Hi, My name is Frank. i am from New Zealand.

I have two basic questions about Mexico for people living there now.

1. I want to live in a cooler area. I am not a beach person. I want to avoid humidity and heat as much as possible - but especially humidity

Please can someone give me the names of some safe areas which are not humid - even in summer, and preferably cool, but not overly remote.

2. In relation to above, I would like to estimate rental costs in those suitable areas. What are some reliable websites giving realistic prices, or failing that could anyone estimate what rental costs should be assuming I didn't pay "******" prices.

Thank you to anyone who helps me out!!


----------



## Guest (Dec 1, 2011)

Much depends on your needs, Spanish skills, etc but one suggestion is Querétaro.

Querétaro is a city of about 600,000 people, has the main north-south autopista and is 2.5-3 hours to MX City. The city is growing, has universities, museums, plenty of shopping, and history. Also a large bus terminal, an office for Migración, an international airport and very little involvement with the bad guys other than whatever is passing through on its way north. There is some heavy traffic at times during the days, as in any city of this size. The local newspaper is the Diario de Querétaro, and is online.

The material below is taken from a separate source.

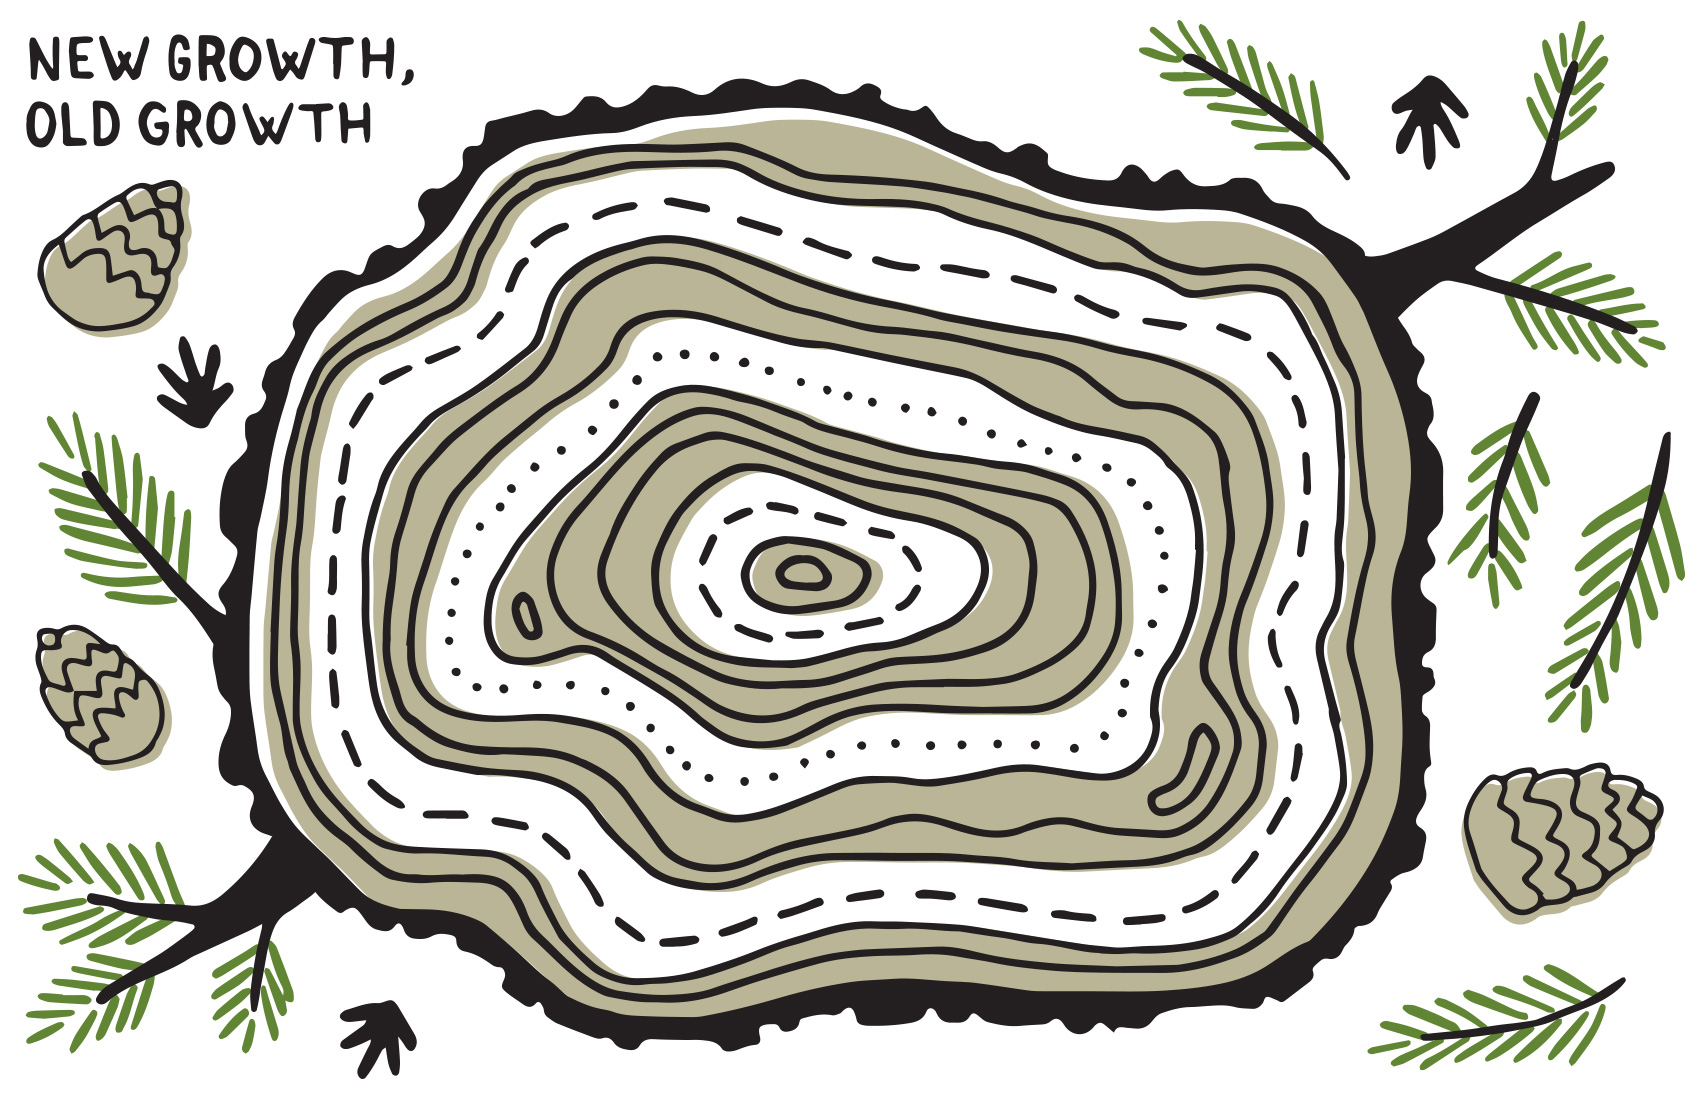 old growth, new growth: illustration of tree rings and topography

There are very few days of the year with humidity, but there sometimes is a bit of smog because the city lies in a valley. There are nearby areas without the smog problem. A few nights during winter will get down to -3º C. or so, but by the afternoons it will get back up to 15ºC or more. Summers can run up to 28º-30ºC daytime, and 15ºC at night is the norm. There are some extranjeros as retirees or working at the many international companies doing business here, but it's not like Chapala or San Miguel de Allende with English spoken by many residents.

Unfurnished apartments or houses with 3 bedrooms can be rented from about US$300/month up to probably US$1200/ month, depending on what you are looking for, size, amenities, etc.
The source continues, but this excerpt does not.